It's like a parade of train wrecks.
Care to explain to me why theres a baby food jar filled with semen in my fridge? or why its labeled as unicorn sweat?
I walk of shamed back from his dorm in costume while his dad and brother were waiting outside to drive him home. his dad apologized to me. my life never gets old.
Hes still not moving. At what point does 'hungover' become 'hospital-time?'
Nothing quite says America like barbecue and beer at 9 in the morning.
Had a drunk dream about being in a six story taco bell. Oh my god the menu was incredibleeee
Am I the only one creeped out by the guy asleep behind our couch?

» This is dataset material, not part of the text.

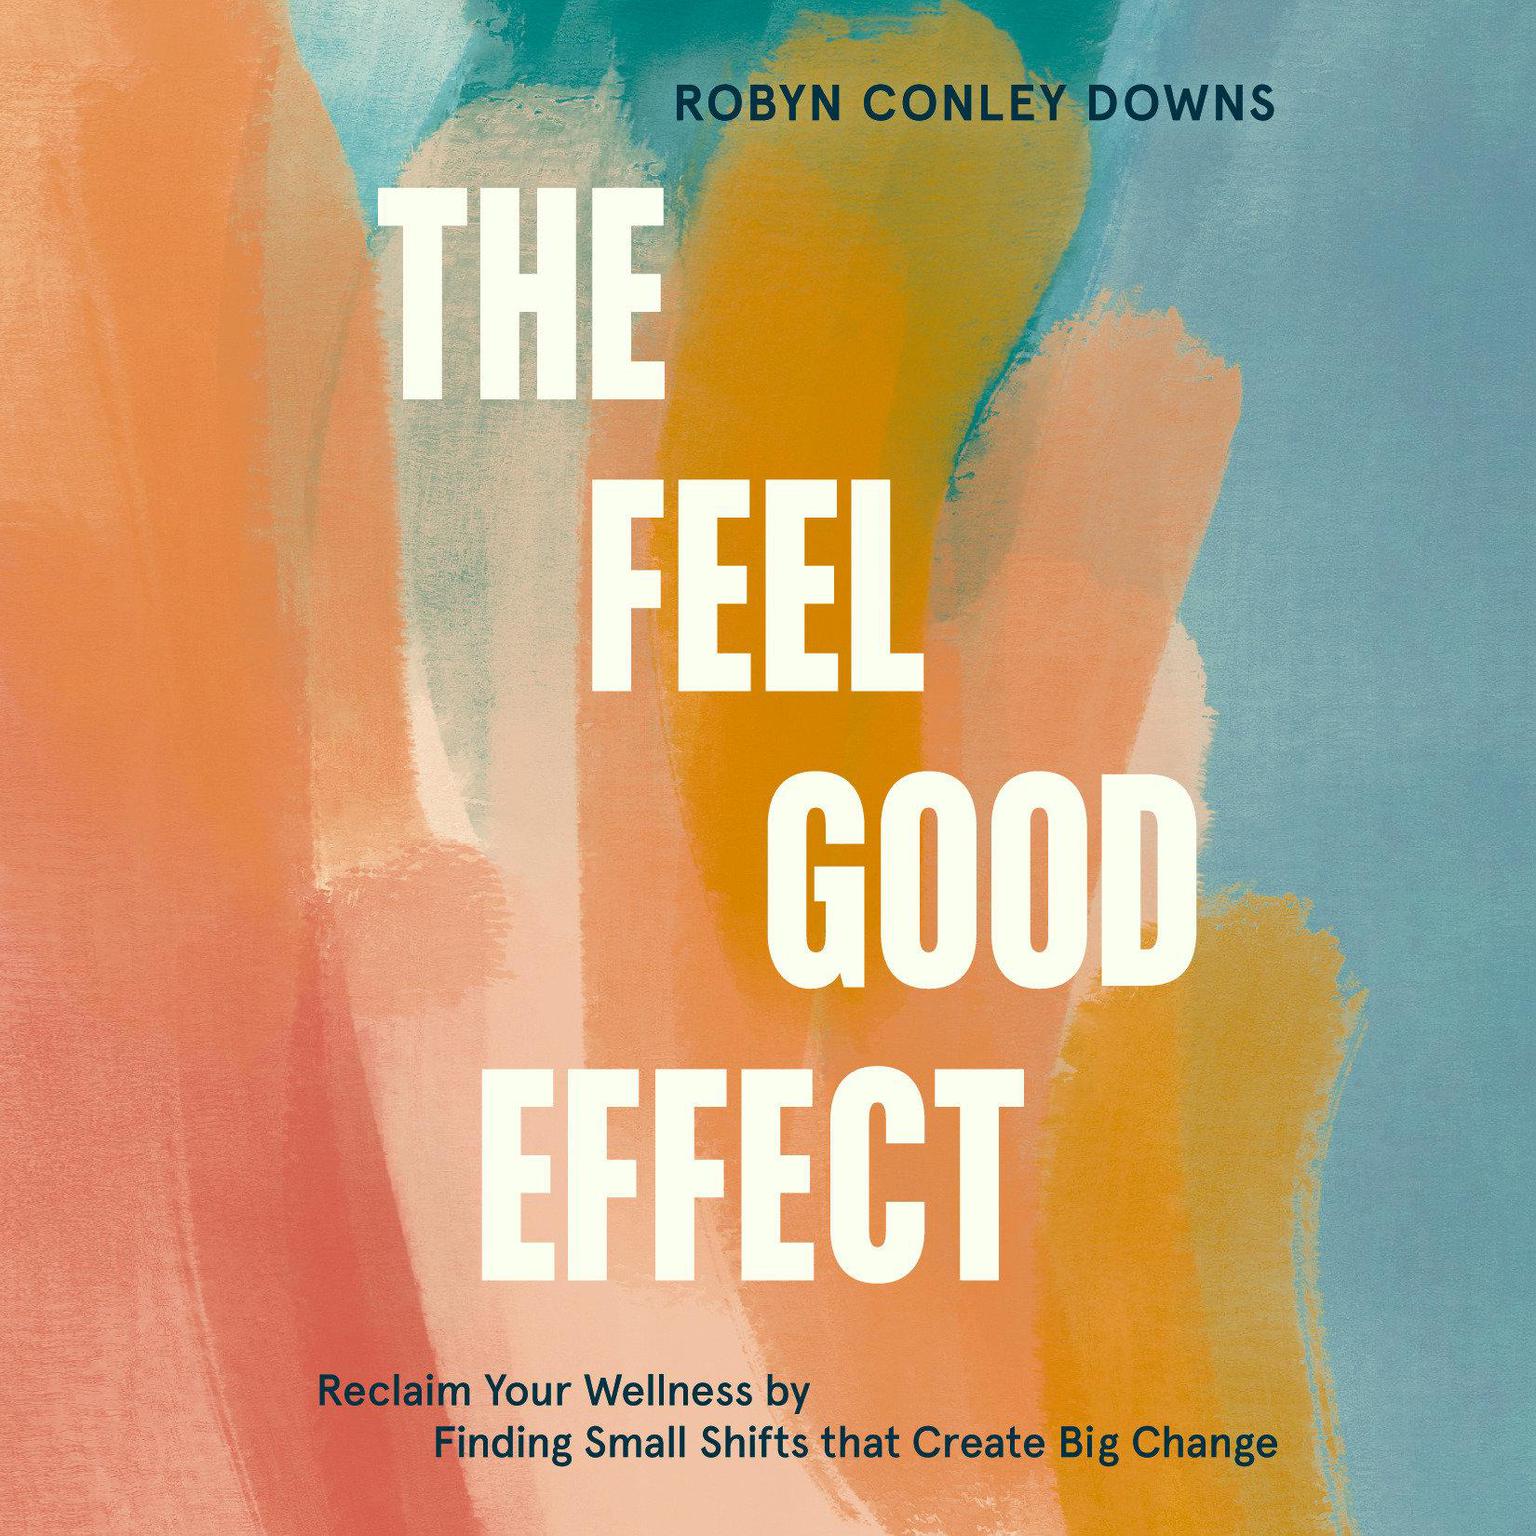 The Feel Good Effect: Reclaim Your Wellness by Finding Small Shifts that Create Big Change Audiobook, by Robyn Conley Downs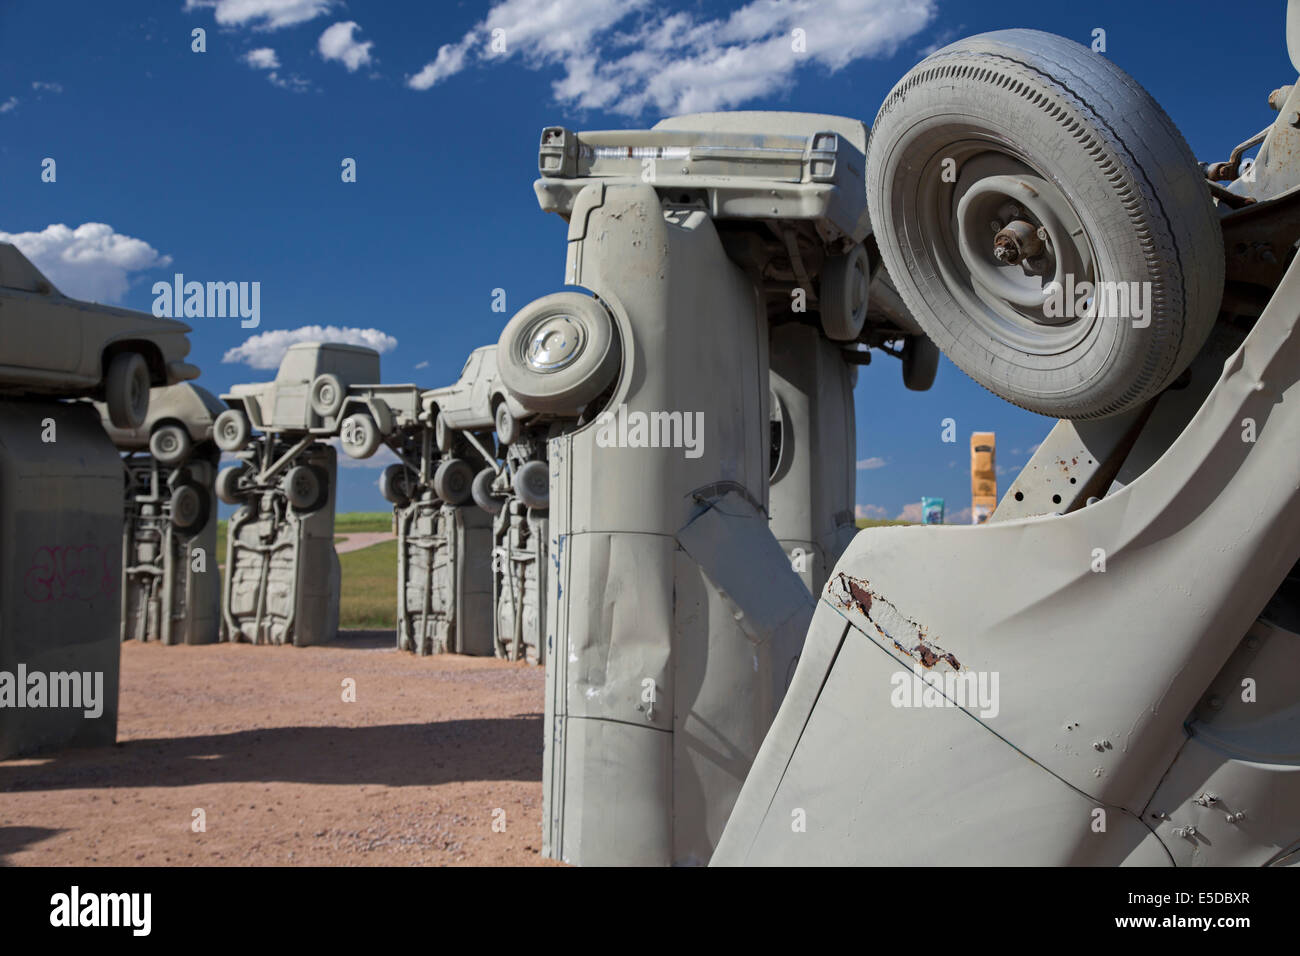 Alliance, Nebraska - Carhenge, a circle of old cars bolted together and half buried in the ground. Stock Photo

Grilled cheese and whiskey for lunch is why i should NEVER be a housewife.
Oh boy...do i want the 'something you can tell your mom in 10 yrs' version or the 'Im gonna call you a whore but be proud' version?
I think ur a lot drunker then u think u are. That girl has the body of a cartoon character and not in a good way.
I remember key bumps, porn and a mom in my bed. Sums up my day.
that is an amazing summary hahaha
your sister totally cock blocked me last night don't even think about inviting her to taco night
I'm not sure whom I'm texting but I put you in my phone as last nights fuck budy, and I'm just curious if I left my clutch with you?
I can't have my last hookup before 21 have been behind a dumpster
As soon as you told us you were an ostrich with a big penis, we began to wonder what you were on and if you wanted to share.